Argument	Type	Function	Remarks
`dataframe`	Clojask.DataFrame	The operated object
`columns`	String / collection of strings	The columns the predicate function to apply to
`predicate`	Function	The predicate function to determine if a row should be kept	This function should have the same number of arguments with the above columns and in the same order. Only rows that return `true` will be kept.

Example

(filter x "Salary" (fn [salary] (<= salary 800)))
;; this statement deletes all the rows that have a salary larger than 800
(filter x ["Salary" "Department"] (fn [salary dept] (and (<= salary 800) (= dept "computer science"))))
;; keeps only people from computer science department with salary not larger than 800

set-type

Set the type of a column. So when using the value of that column, it would be in that type.

Argument	Type	Function	Remarks
`dataframe`	Clojask.DataFrame	The operated object
`type`	String	Type of the column	The native support types are: int, double, string, date. Note that by default all the column types are string. If you need special parsing function, see `set-parser`.
`column`	String	Target columns	Should be existing columns within the dataframe

Example

(set-type x "Salary" "double")
;; makes the column Salary doubles

set-parser

A more flexible way to set type.

Argument	Type	Function	Remarks
`dataframe`	Clojask.DataFrame	The operated object
`parser`	function	The parser function that will parse a string to other types (or even string)	The function should take only one argument which is a string, and the parsed type should be serializable.
`column`	String	Target columns	Should be existing columns within the dataframe

Example

(set-parser x "Salary" Double/parseDouble)
;; parse all the values in Salary with this function

operate

In place modification on a single column

Argument	Type	Function	Remarks
`dataframe`	Clojask.DataFrame	The operated object
`operation`	function	Function to be applied lazily	The function should take only one argument which is the value of the below column
`column name`	Keyword	Target columns	Should be existing columns within the dataframe

Example

(set-type x "Salary" "double")
(operate x - "Salary")
;; takes the negative of column Salary

operate

Calculate the result and store in a new column

Argument	Type	Function	Remarks
`dataframe`	Clojask.DataFrame	The operated object
`operation`	function	Function to be applied lazily	Argument number should be complied with the column names below, ie if operation functions takes two arguments, the length of column names should also be 2, and in the same order to be passed to the function
`column name(s)`	String or collection of String	Target columns	Should be existing columns within the dataframe
`new column`	String	Resultant column	Should be new column other than the dataframe

Example

(operate x str ["Employee" "EmployeeName"] "new")
;; concats the two columns into the "new" column

group-by

Group by the dataframe with some columns (always use together with aggregate), or the result by applying the function to the column

Argument Type Function Remarks
dataframe Clojask.DataFrame The operated object
groupby-keys String / Collection Group by columns (functions of columns) Find the specification here

Example
```
(group-by x ["Department" "DepartmentName"])
;; group by both columns
```

Group-by Keys Specification

Group-by functions requirements:

Take one argument
Return type: int / double / string

One general rule is to put the group-by function and its corresponding column name together.

(defn rem10
  "Get the reminder of the num by 10"
  [num]
  (rem num 10))

(group-by x [rem10 "Salary"])
;; or
(group-by x [[rem10 "Salary"]])

If no group-by function, the column name can be alone.

(group-by x "Salary")
;; or
(group-by x ["Salary"])

You can also group by the combination of keys. (Use the above two rules together)

(group-by x [[rem10 "Salary"] "Department"])
;; or
(group-by x [[rem10 "Salary"] ["Department"]])

aggregate

Aggregate the grouped dataframes with some functions.
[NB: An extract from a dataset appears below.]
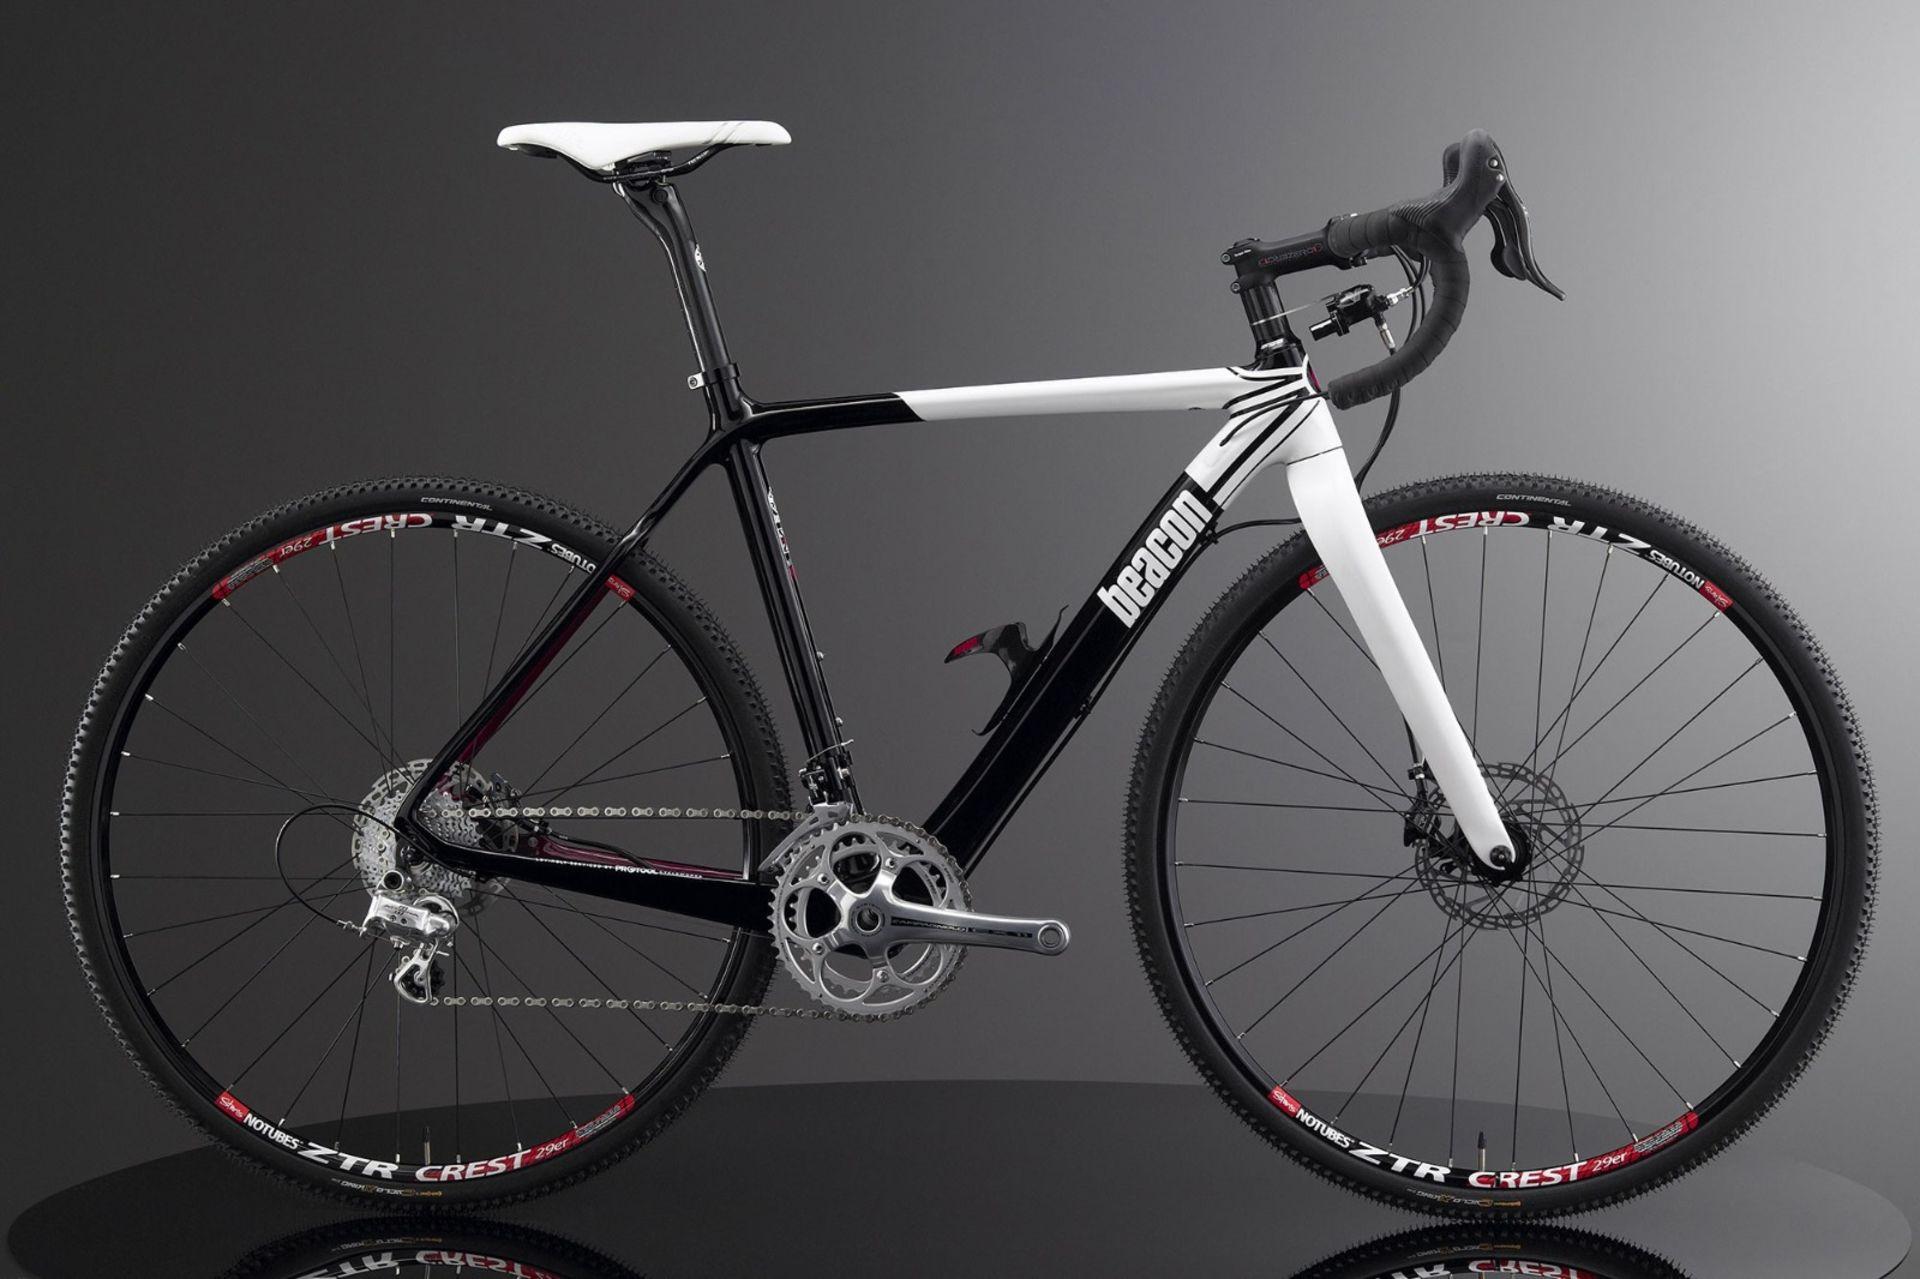 Lot 24 - 1 x Beacon Model BF-45, Size 560, Carbon Fibre Bike Frame in Black & White.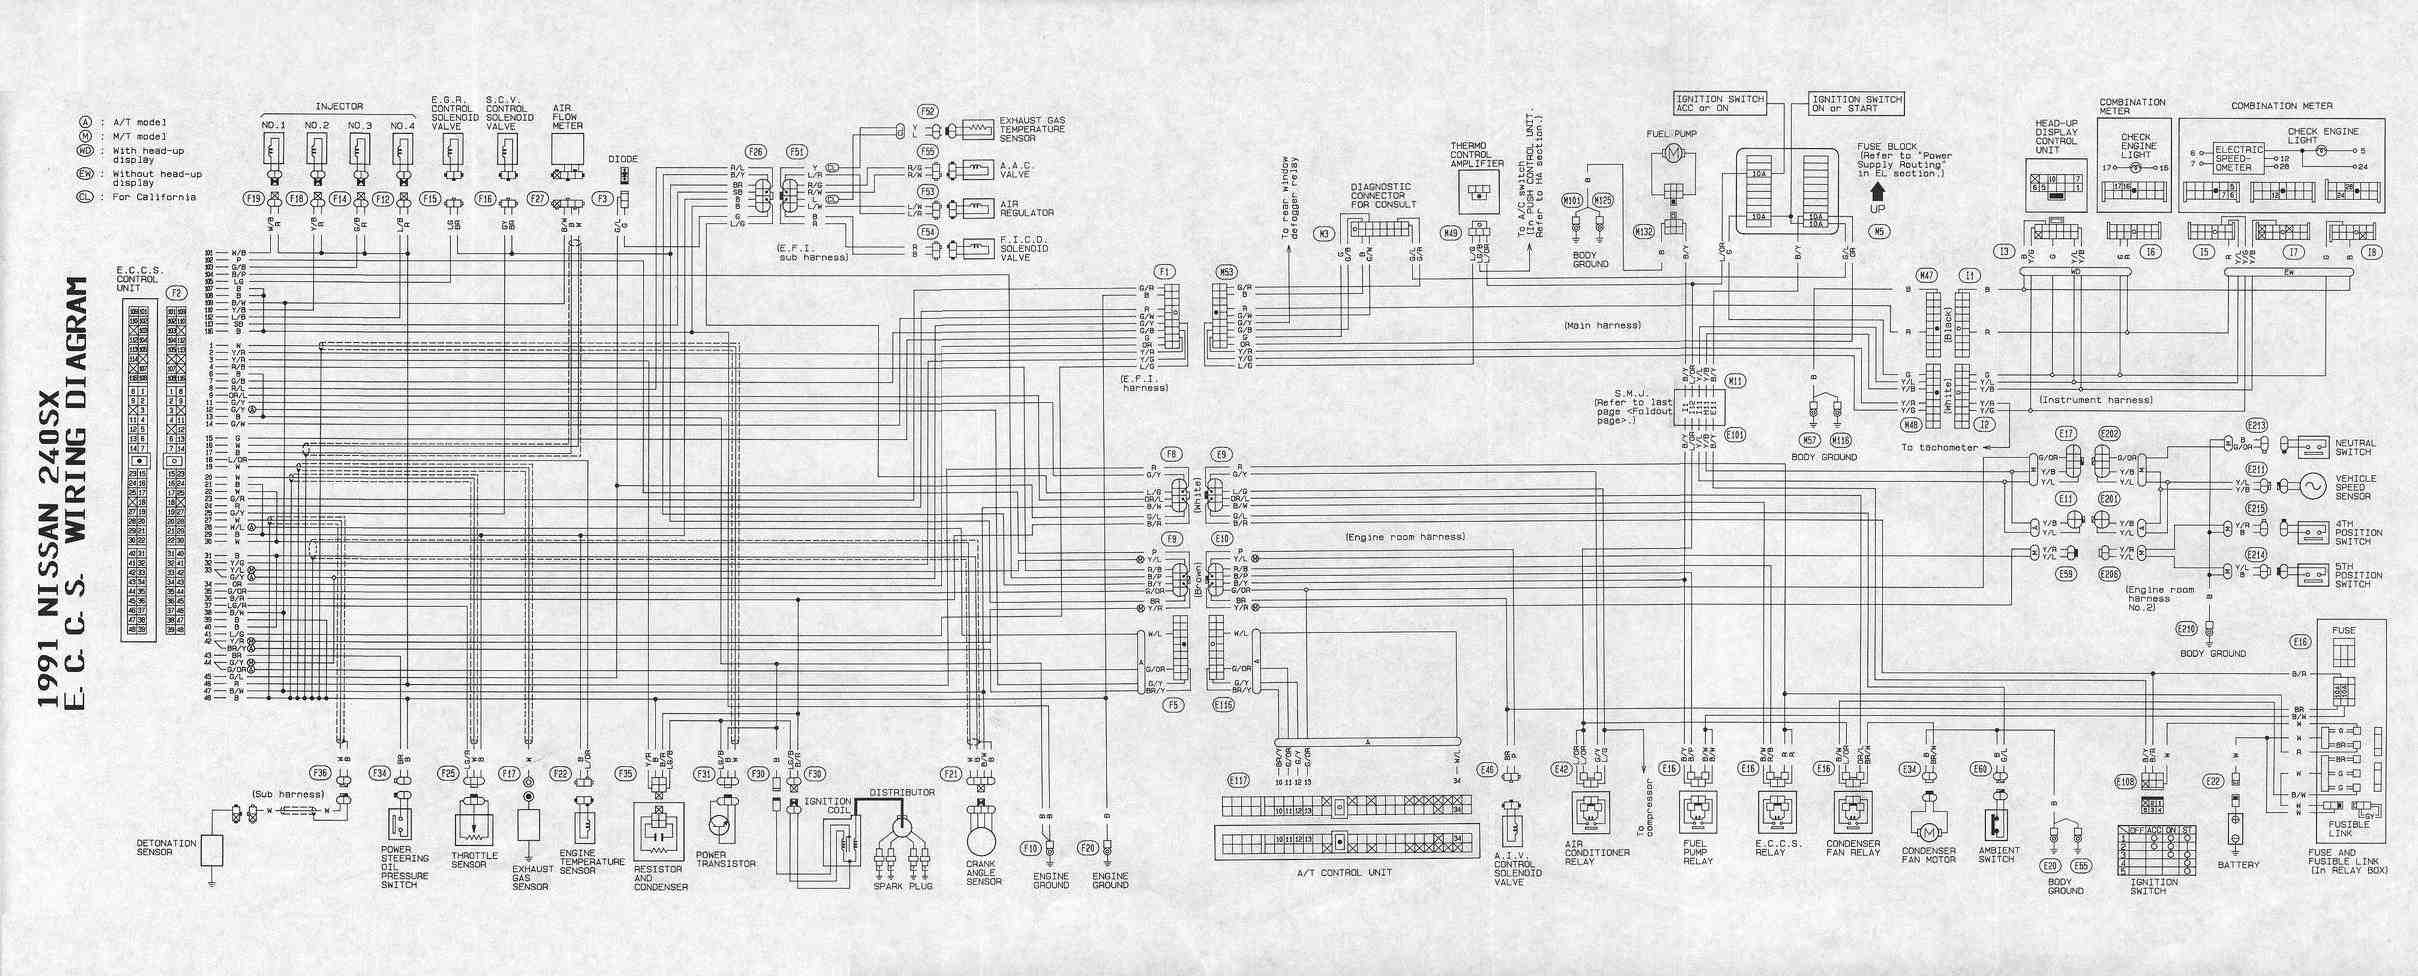 Breathtaking P05064173ak Wiring-diagram Photos - Best Image Wiring ...

The aggregation function will be applied to every columns registered in sequence.

Argument	Type	Function	Remarks
`dataframe`	Clojask.DataFrame	The operated object
`aggregation function`	function	Function to be applied to each column	Should take a collection as argument. And return one or a collection of predefined type*.
`column name(s)`	String or collection of String	Aggregate columns	Should be existing columns within the dataframe
[`new column`]	String or collection of string	Resultant column	Should be new columns not in the dataframe

Example

(aggregate x clojask/min ["Employee" "EmployeeName"] ["new" "new2"])
;; get the min of the two columns grouped by ...

inner-join / left-join / right-join

Inner / left / right join two dataframes by some columns

Remarks:

Join functions are immediate actions, which will be executed at once.

Will automatically pipeline the registered operations and filters like compute. You could think of join as first compute the two dataframes then join.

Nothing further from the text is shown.